Moving from ADN to BSN: What Works for Washington RNs?

On June 12 and 13, the Washington Center for Nursing hosted two safe table forums in Spokane and Seattle, respectively, to engage in cross-sector learning, conversation, and thoughtful problem solving with nurses, nursing students and employers, to find out the barriers and incentives for employed RNs in Washington State to achieving educational advancement.

The issue brief and follow-up paper is attached.

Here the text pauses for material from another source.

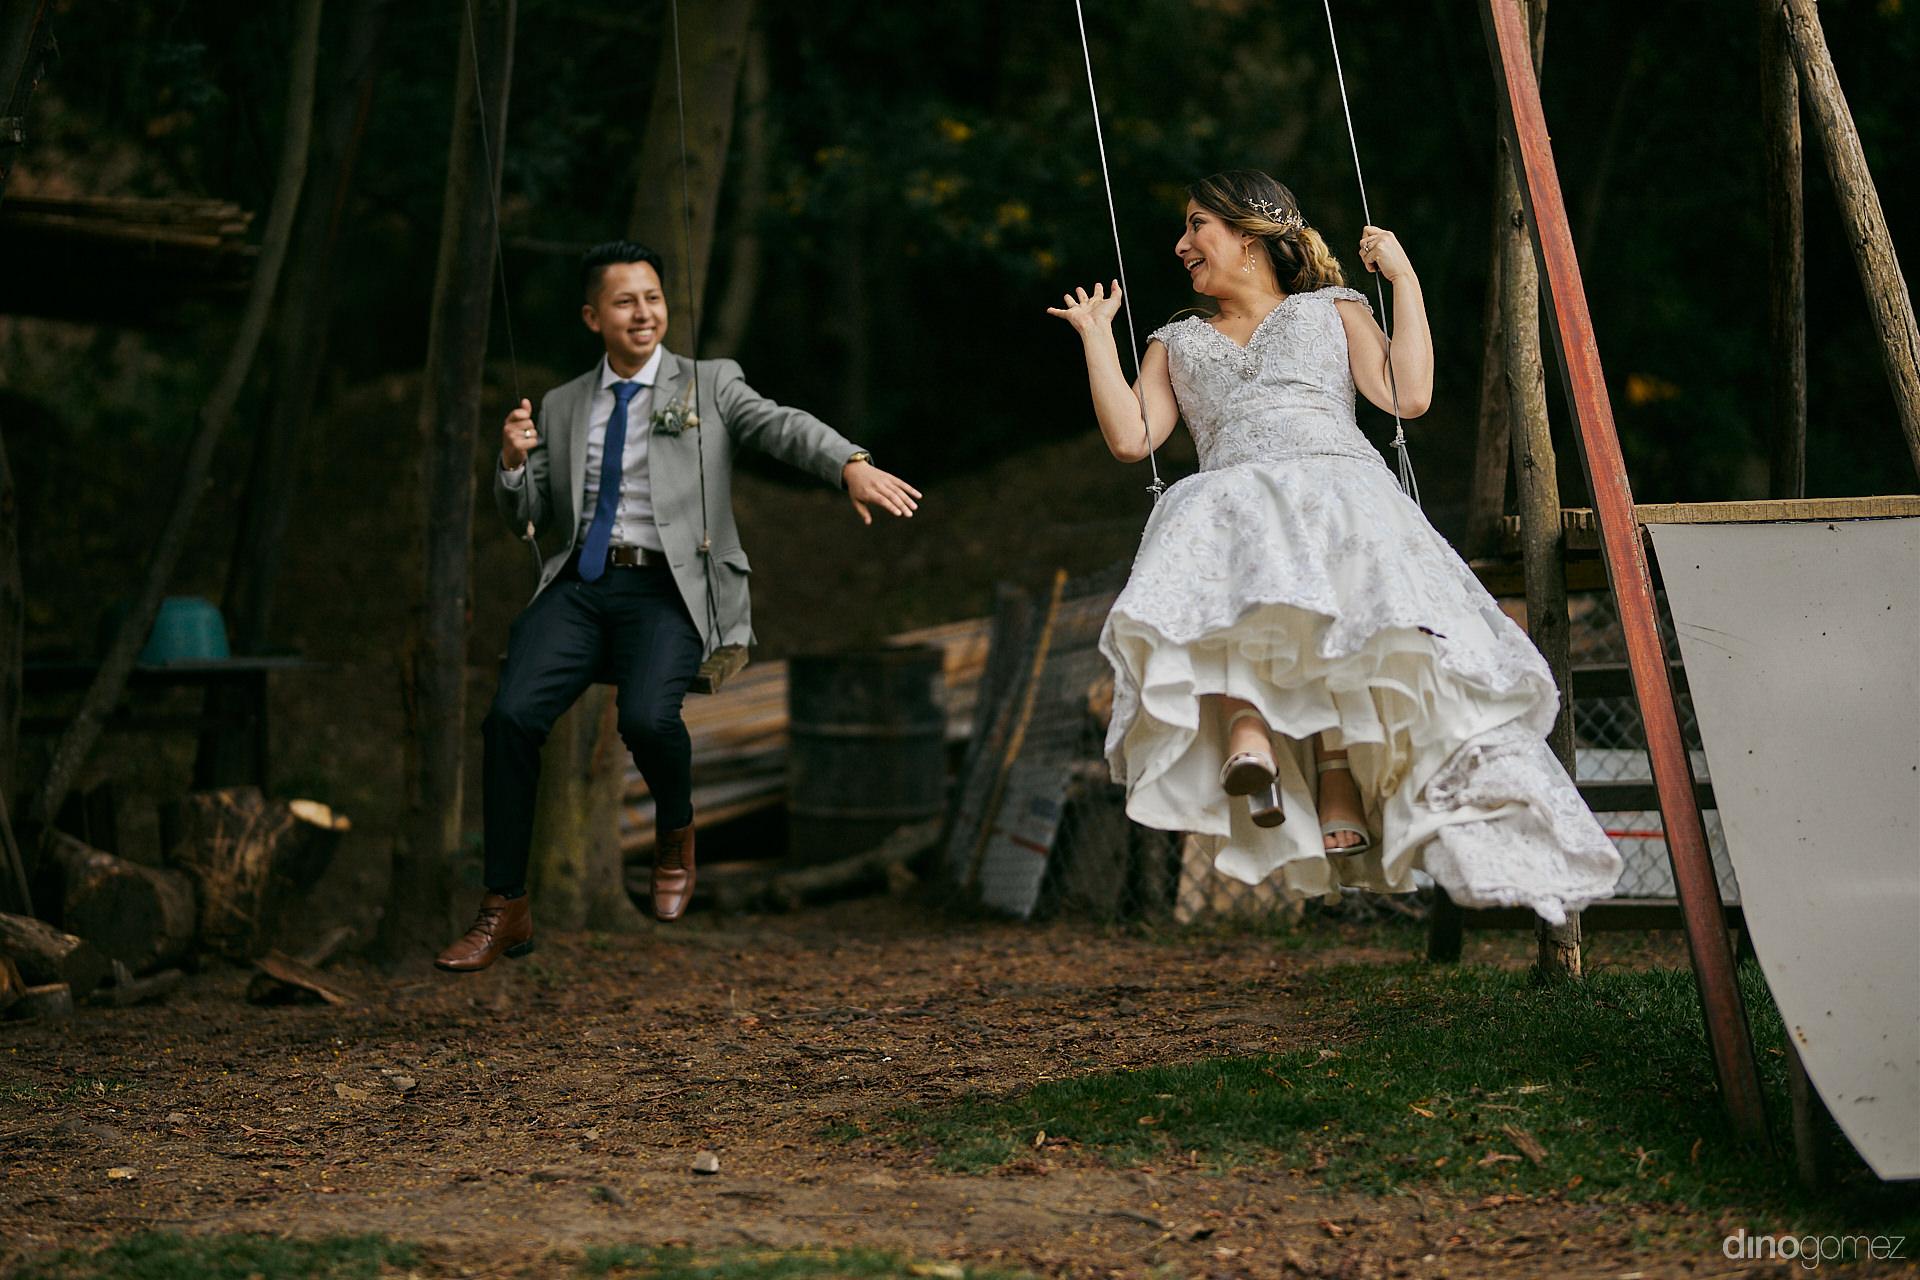 022 - Diy Budget Destination Weddings Can Be Prety Too!
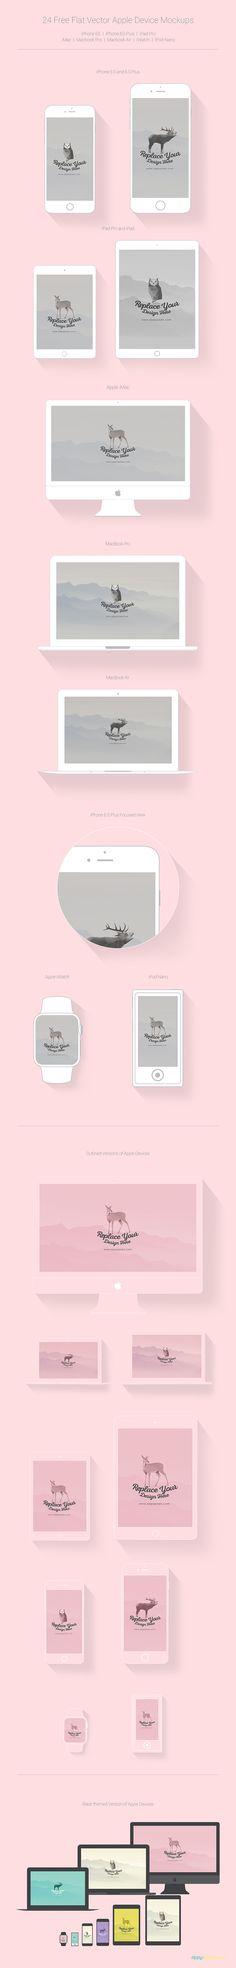 Download 13 Device Mockup Ideas Mockup Iphone Mockup Design Freebie

by Olena Rypich | October 14, 2013

Tags: diversity, education, leadership, practice, washington

Emily Norian

I found this article to be extremely interesting, as I am currently in an accelerated BSN program myself. Since I started this program, this issue has been called to my attention several times and I was unaware of the status of the situation. As with all issues, I think that it is crucial to acknowledge all sides to every argument and I believe that this article does just that. Personally, I do feel that BSN programs better prepare nurses to reach their full potential and provide the best care possible to their patients. As we continue to improve our health care system, it is becoming increasingly essential for nurses to be held to the highest standards. It is easy for me to say because I am lucky enough to currently be in a BSN program preparing myself for my future as a nurse. I have never really thought about all of the barriers to those already in the field who are not BSN-prepared nurses and what might prevent them from returning to complete their BSN education. After reading this article, I have a much better understanding of the issues of those involved and the need for interventions in order to make this possible for those nurses going forward. For instance, cost and accessibility are huge matters that must be addressed if this switch is going to take place and we can definitely stimulate this change by providing incentives for those who do return for their BSN.